Although exciting breakthroughs in cancer immunotherapy have raised hopes for transformative treatments, many solid cancers have proven to be relatively refractory to these approaches. The shortcomings of most immune-based therapies in solid cancers can be mostly attributed, either to the inherent properties of the tumor, which make them resistant to these approaches, or to the extreme specificity of the targeted approaches that fail to take into account the heterogeneity of the tumor. In order for immune-based therapies to be effective in these tumors, it is necessary to develop effective strategies to modulate the immune-suppressive tumor microenvironment. OVs can offer a novel approach to address challenging solid tumors by combining the benefits of direct tumor cell oncolysis with modulatory effects to break immune tolerance.

The central hypothesis of ONCO-VAX is that current challenges in the field of immune-oncology can be addressed through the rational design of a multi-mechanistic combinatorial approach based on the underlying biology of the tumor microenvironment. By first elucidating the immune landscape of solid tumors, like HCC, both before and as a consequence of VSV-NDV therapy, we aim to design our optimal combination dosing scheme in an informed manner, and thereby succeed, where most OV and immune-based therapeutics have failed. By the end of the project, we expect to have developed a multifaceted approach that optimally combines viral oncolysis to directly kill tumor cells, immune checkpoint blockade to release the “brakes” on the immune system, and vaccination to accelerate cytotoxic immune functions against a wide array of tumor antigens, in a rational and stepwise design. This strategy aims to attack the cancer from various angles, leaving it no option to escape, and represents a ground-breaking virus-based immunotherapy with a high potential for clinical translation.

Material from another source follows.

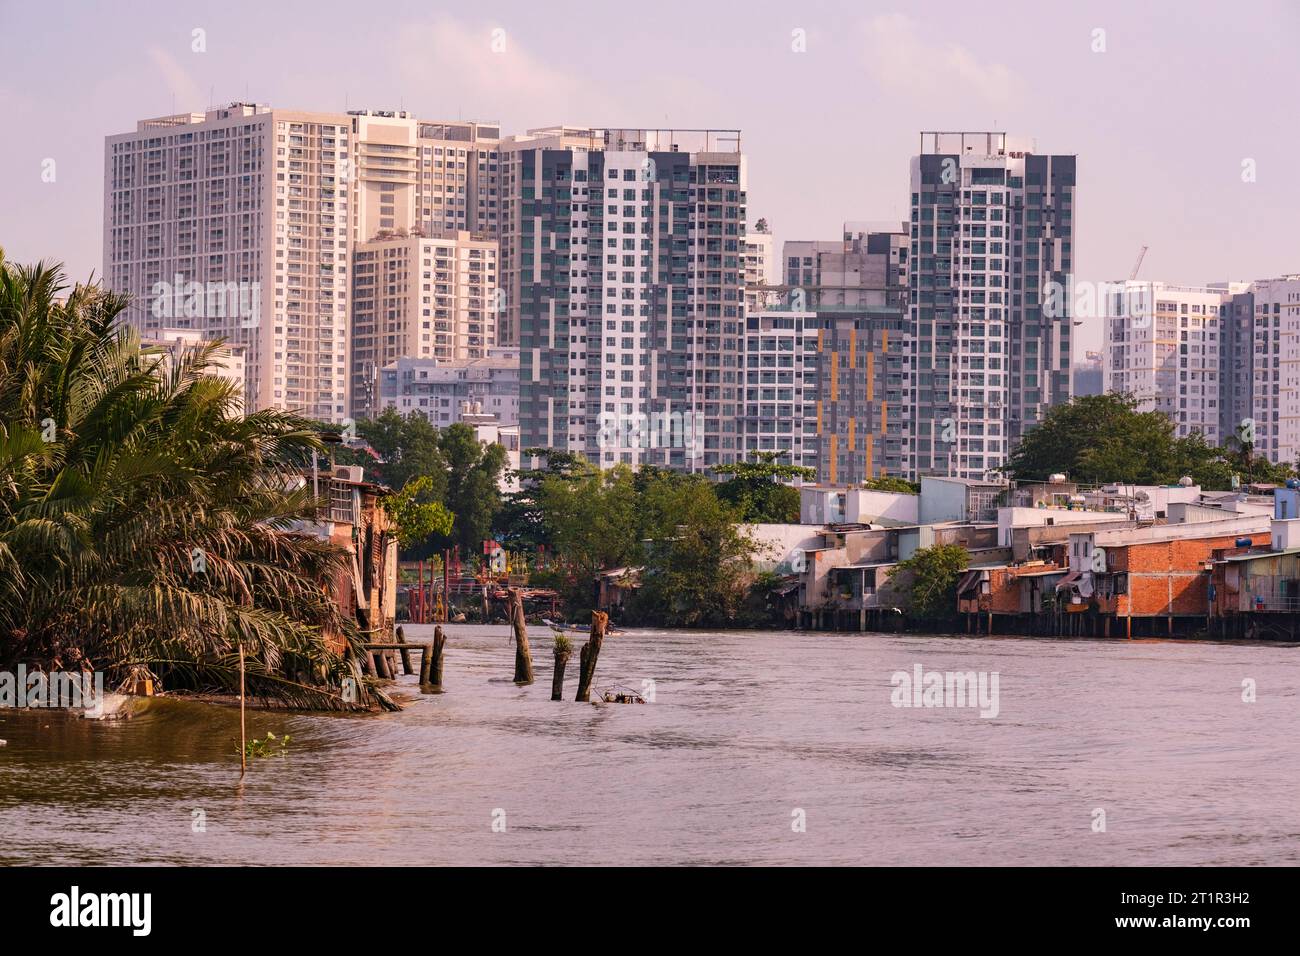 Saigon Riverside View in der Nähe von Ho Chi Minh, Vietnam. Gegenüberstellung von modernen Hochhauswohnungen mit bescheidenen Wohnhäusern der unteren Klasse. Stockfoto

Within the context of ONCO-VAX, we will fully characterize the immune cellular response to oncolytic VSV-NDV therapy in solid cancers, we will evaluate the efficacy of immune-checkpoint modulating next-generation vectors, and we will develop a completely novel DC vaccine approach that can be combined with our optimized OV therapy. The proposed approach will be fully developed and tested in preclinical mouse tumor models. This work will form the basis and proof-of-concept for translation of the approach to a human system for clinical application.